Two independent review rounds applied. The first review rejected the original 2-round numbers
(broken CPU-idle gate, unmeasured noise floor, fixed variant order, easy workload only). The corrected harness
below fixed all of that. A second 3-specialty review then caught a real statistical error in the
interim page — the latency significance test was wrong — and this page applies all six of its fixes:
the design-correct paired test, multiple-comparison accounting, an honest one-sided framing of the throughput
result, a hypothesis (not fact) framing of the stub effect, latency percentiles, and removal of an unsupported
mechanism claim.
TL;DR
Throughput: no resolvable overhead, any capture mode — across cached, ClientRead-saturated,
and buffer-miss short-wait (20M sub-4µs waits) regimes. Honest framing: a consistent small cost direction
(all 6 within-binary deltas negative, sign-test p=0.031) with point estimates ≤0.75%, an upper
bound below the measurement floor — not a measured zero.
Latency: trace adds a small, real ~1.5%; stats is free. With the
design-correct paired test over n=10 cached rounds, trace latency is +5.6µs (+1.5%), positive in 10/10 rounds,
p=0.002 — the one effect that survives multiple-comparison correction. stats is
latency-neutral (+0.7µs, p=0.53).
The trace cost is an open puzzle, not an explained mechanism. It shifts the whole latency
distribution (median +5µs, p99 +27µs) yet leaves throughput untouched — a per-query CPU cost that size would
have cut throughput ~7% at saturation, but throughput moves <0.55%. Mechanism unresolved; needs profiling.
The patched binary with capture off is free; the stub control suggests cross-binary
build variance (~1%) that bounds resolving power — though, honestly, a systematic stub advantage can't be fully
excluded at this sample size.
Method & how every p-value is computed
5 variants.VAN vanilla (no patch) · STB stub (patched source,
--enable-wait-event-timingomitted) · OFF/STA/TRA
the instrumented binary with wait_event_capture = off/stats/trace.
Gold-standard comparison is within one binary:OFF→STA→TRA
are the same binary and same data cluster, differing only by a runtime SET — no
recompile, no re-initdb, so no code-layout or cluster confound.
Design = randomized block. Each round runs all variants once in randomized order; rounds are
blocks (they absorb host drift). The correct test is therefore the paired within-round sign-flip
permutation test — every p on this page is that test. (The first cut of this page mistakenly used
an unblocked two-sample test, whose n=5 floor of 2/252≈0.008 manufactured false significance.)

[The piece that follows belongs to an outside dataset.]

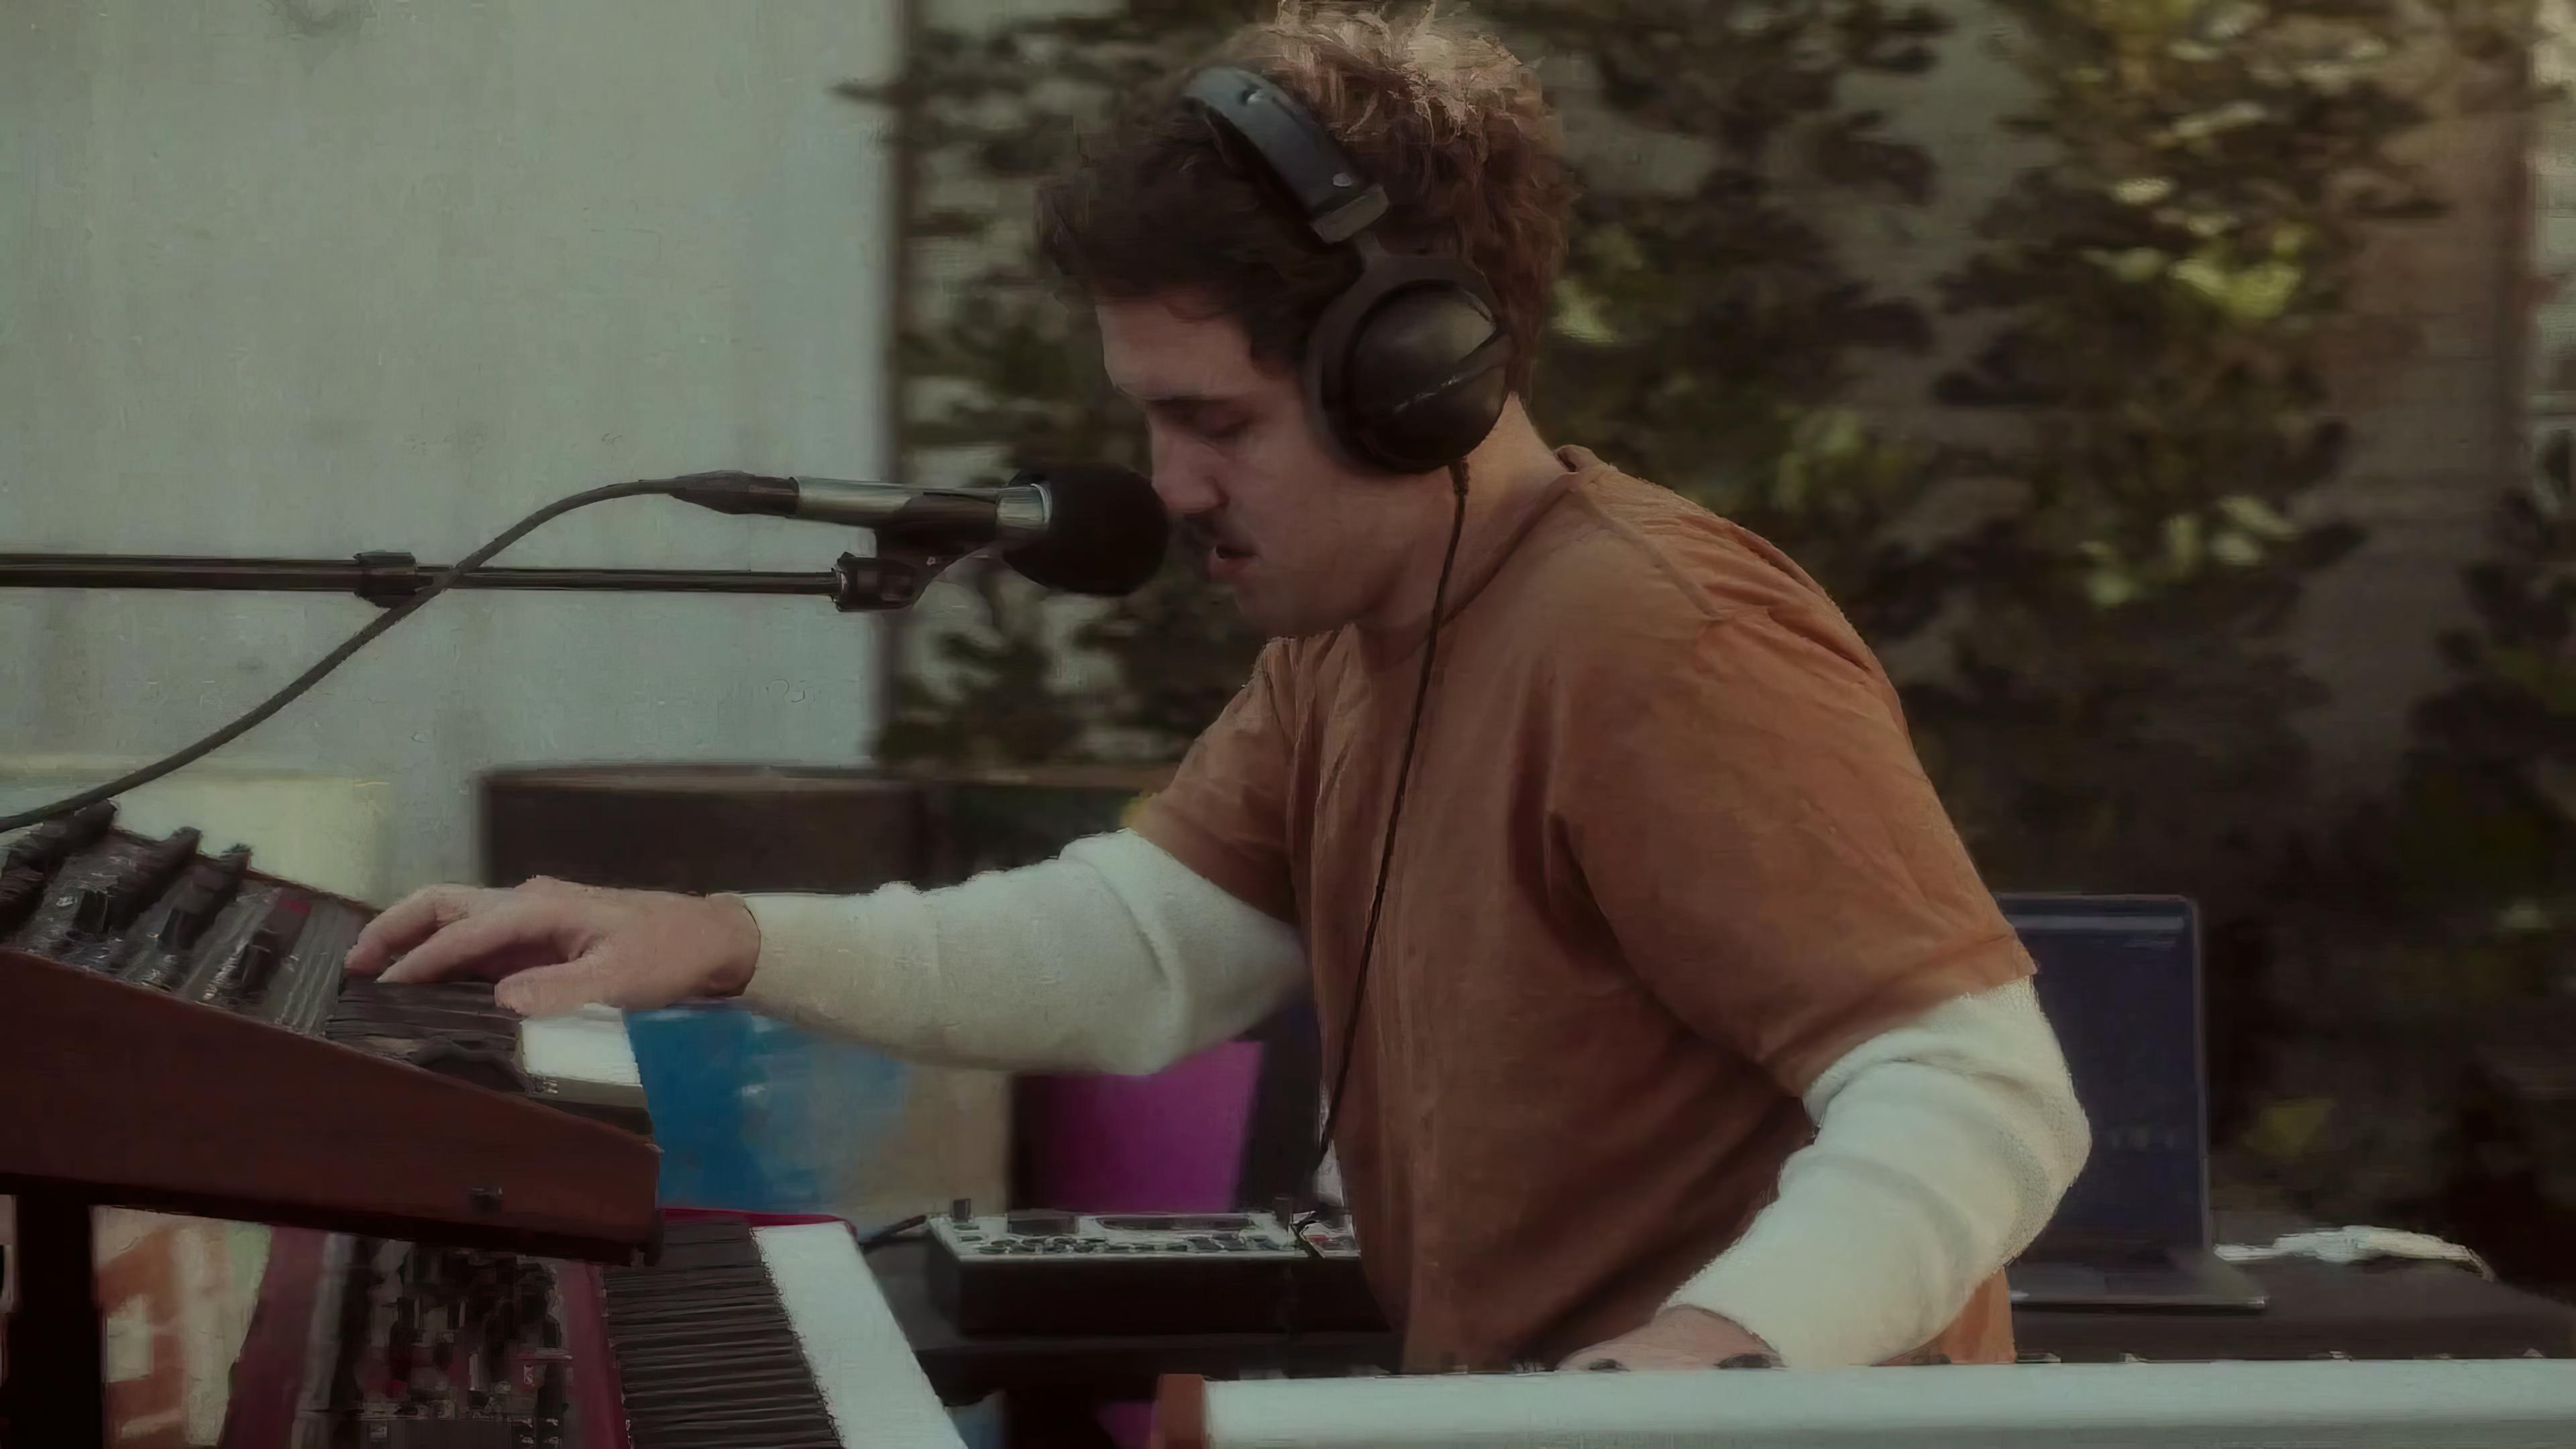 Ritt Momney is performing on a keyboard for a live session. The musician, a young male with curly hair, is wearing a cream-colored sweater with rolled-up sleeves over an orange shirt. His focus is on the instrument, with a microphone set up in front of him, capturing the performance. The setting is outdoors with greenery in the background, suggesting a relaxed, natural atmosphere for the session.

Multiple comparisons. ~12 primary comparisons; Bonferroni α≈0.05/12≈0.004. At n=5 the paired
test's own floor is 2/32=0.0625, so nothing at n=5 can clear correction — which is why the one real claim
(trace latency) was re-run to n=10 (paired floor 2/1024≈0.002).
Noise floor. A/A (vanilla ×6, same binary+cluster) CV=0.328% — a best-case lower bound;
real interleaved same-binary CVs ran 0.4–1.0%, which only reinforces the “sub-1%, build-variance-limited” framing.

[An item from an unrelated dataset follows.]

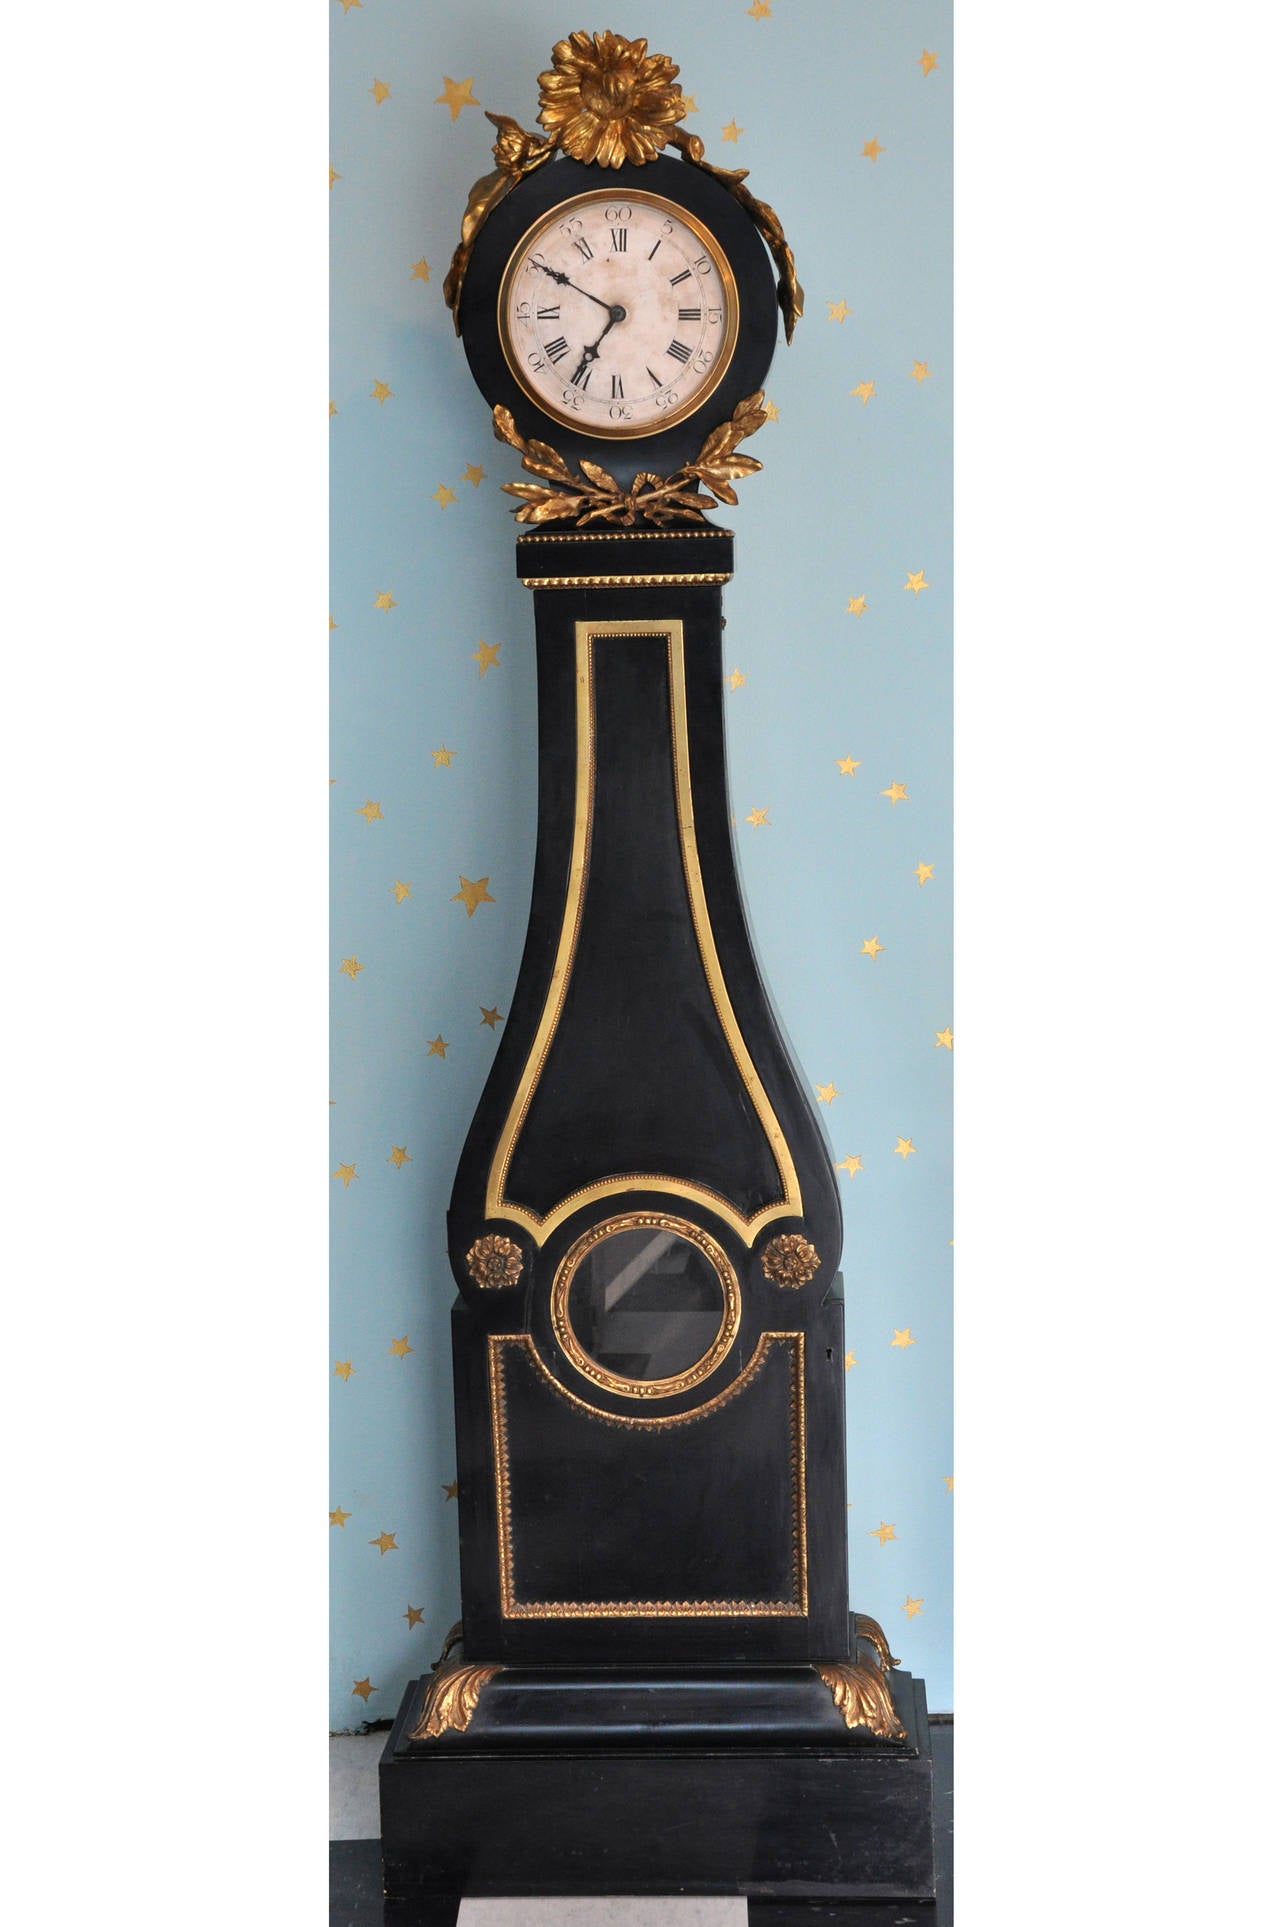 Antique French tall case clock - vintage 19th Century.  Clock has been converted to battery operated.  Clock has applied bronze wreath decorations and the top of the clock is crowned with a beautiful gold leafed carved wood flower with trailing

CPU idle measured by vmstat header name (the original off-by-one is fixed). pgbench -S, 5 rounds
each (latency re-tested at 10), -T120.
Throughput — no resolvable overhead (3 regimes)
Within-binary capture cost (paired test) against the A/A floor (±0.33%) and the cross-binary
build-variance floor (~1%). Every bar is inside the floors; no paired p<0.18.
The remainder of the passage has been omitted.